It's also fun to post pics of your dishes!


----------



## lover of birds

Spiralized carrots and meatballs, replacing spaghetti and meatballs.

This is something I made last year using my vegetable spiralizer. My husband and I eat organic as much as possible, but the carrots here are not organic because as you can see they have to be very large to spiralize correctly. We're trying to find a large variety of carrot to grow in our garden.

The marinara is from our garden grown heirloom tomatoes, garlic and herbs.

The meatballs are made from either grass fed beef, or grain fed non-gmo beef. More recently though, we've only been purchasing grass fed beef.

The carrots give a subtle sweetness, replacing the blandness of pasta. The whole dish is savory.


----------



## robin416

I knew I wanted to move away from processed foods. I just didn't know how. Then I kept seeing more and more about Mediterranean diets. Huh, maybe. 

Other than it being more work I really want to do for one it's been the ticket. I don't have to have imagination about what ingredients works with what. Because I have none when it comes to cooking. (hint hint, LOB  keep those tips coming)

I'm fortunate to be living somewhere that does have a store where the specialized ingredients are available, including organic fruits and veggies.


----------



## JediPat

Something that worked for me in the past was intermittent fasting, basically I could eat my full 2200 calorie allotment each day but only in a 8 hour window. Mix this with some HEAVY lifting or crossfit and the weight flies off. I plan to do my fasting again but replace the heavy weight with high intensity cardio. I am too old to be a muscle bound guy, I dont recover as quickly, lol.


----------



## robin416

JP, you're a man. Men can say weight fall off and it does. 

What I've found cooking this way is that I have less GI issues. Remember, I'm retired which translates to some of the foods we ate without ever a hitch now wants to kick our behinds.


----------



## lover of birds

I do the intermittent fasting every day. I don't keep track of calories, because it's not for weight loss. Sometimes the window varies, but find if I do two small meals four hours apart works best, or just eat once a day, which is still not a large meal.

Recently been making a green drink made with romaine lettuce and herbs, then cook 1/2 of the mixture. Add a raw beaten egg, and the the other half of the raw green mixture. I call it my greens soup. It gives the digestive system a break from solid food while still getting nutrition and is alkalinizing in the system.


----------



## lover of birds

The greens, herbs, fish, eggs, olives part of the Mediterranean diet works for me. Cannot tolerate whole grain, not even sprouted.

I love herbs in everything, especially sage, and have expanded that part of the garden, but still not enough. So dedicating more room for this coming season.


----------



## robin416

It still surprises how much the right spices can perk up even a bland food in this style of cooking. I never used much salt to start with so I'm certainly not missing it but I am thoroughly enjoying the flavor pallets available to me now.

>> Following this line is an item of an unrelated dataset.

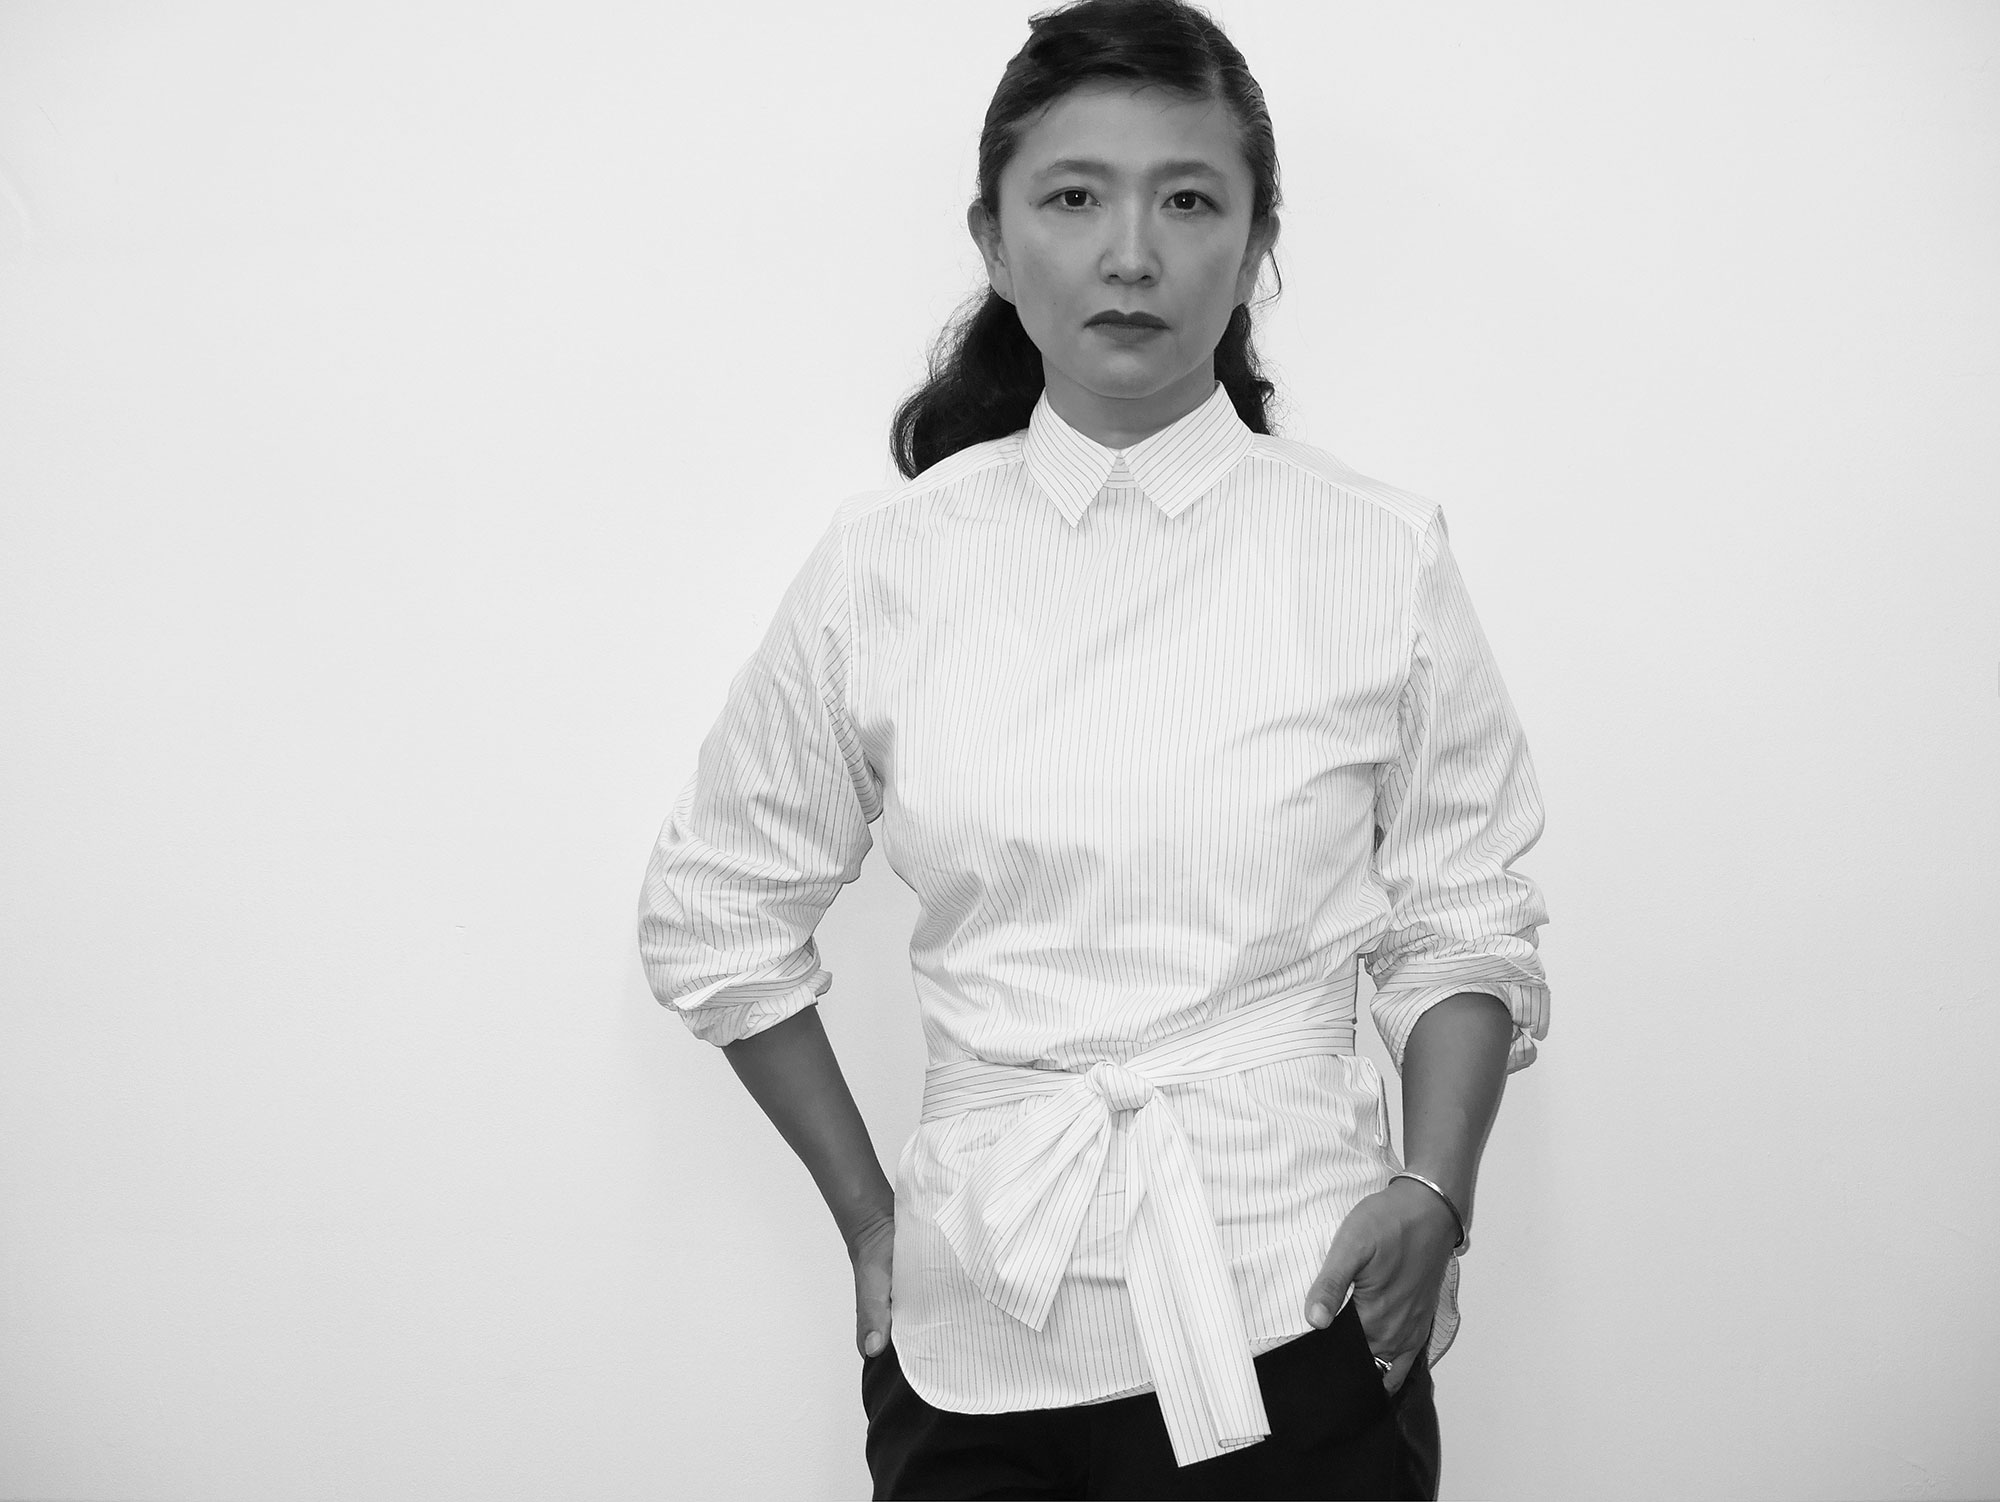 Photo by Chikashi Suzuki

That not tolerating whole grains can be a challenge when eating a Med diet. It is found in so many of the dishes.


----------



## lover of birds

I just started using a lot of herbs about 2 years ago, when I started eating a limited diet, and found out how savory they make food, and I don't miss eating a wider range.

The exception is sweets, but those can be denied with willpower!


----------



## robin416

I have several different chocolates in the house right now. It's not so much the sweet as the chocolate need.


----------



## lover of birds

Research on dark chocolate says it has anti-inflammatory properties.


----------



## nannypattyrn

I need a whole package of it then!


----------



## robin416

I'm not a fan of dark chocolate so my consumption of chocolate has everything to do with pure pleasure.


----------



## nannypattyrn

I can take it or leave it. I was was thinking anti inflammatory. It’s supposed to help with other things, too.


----------



## robin416

I have to have that guilty vice that doesn't have any other purpose. They can talk all they want about dark chocolate it won't change my opinion of it.

Red wine is supposed to be good for us. I can't drink it. Talk about the headache from h3ll drinking just a few ounces.


----------



## lover of birds

I too think that a vice can't be a vice unless it's just for that reason only.

I react to chocolate if I have more than just a little.

I also react to wine, because of the fermentation and alcohol. Can't even have a little.


----------



## nannypattyrn

I was talking about dark chocolate. Now, give me milk chocolate or mocha chocolate, that’s a whole different story! I work with a doc that anything aged like red wine or cheeses and it’s head ache time for him, too. However, there is a new red wine out now that some how is made that doesn’t cause migraines.


----------



## robin416

I had not heard about that but then I don't drink much so I don't keep up on it. I wonder if the thing that caused the headaches is also the one they say is supposed to be good for our hearts.


----------



## nannypattyrn

I think it’s the nitrates in the processing, not sure though. I don’t drink much either. Occasional wine, but not too dry. Beer, very cold with Mexican food. I really just don’t like the taste of either very much.


----------



## robin416

They don't know what it is in red wine that causes the headaches. There is speculation it's the sulfides but then they realized that white wines have even higher naturally occurring sulfides. They looked at tannin, nothing confirmed there. Now they're saying to drink red wines made from grapes with thin skins.


----------



## lover of birds

Wine, anything fermented like sauerkraut, kombucha, aged cheese, leftovers, food that's packaged or has been sitting around is all high in histamine, and other food too like chocolate.

Some people, like myself, react to high histamine foods. One of the side effects can be a headache. For me sometimes it's a headache, more though it's racing heart, facial flushing, and others. Long term elevated histamine causes other more advanced symptoms.

Any drink containing alcohol blocks the digestive system from being able produce the enzyme that degrades histamine, allowing the histamine then to pass into the system and causing symptoms. Since wine is high histamine already it's double trouble for those who are histamine intolerant.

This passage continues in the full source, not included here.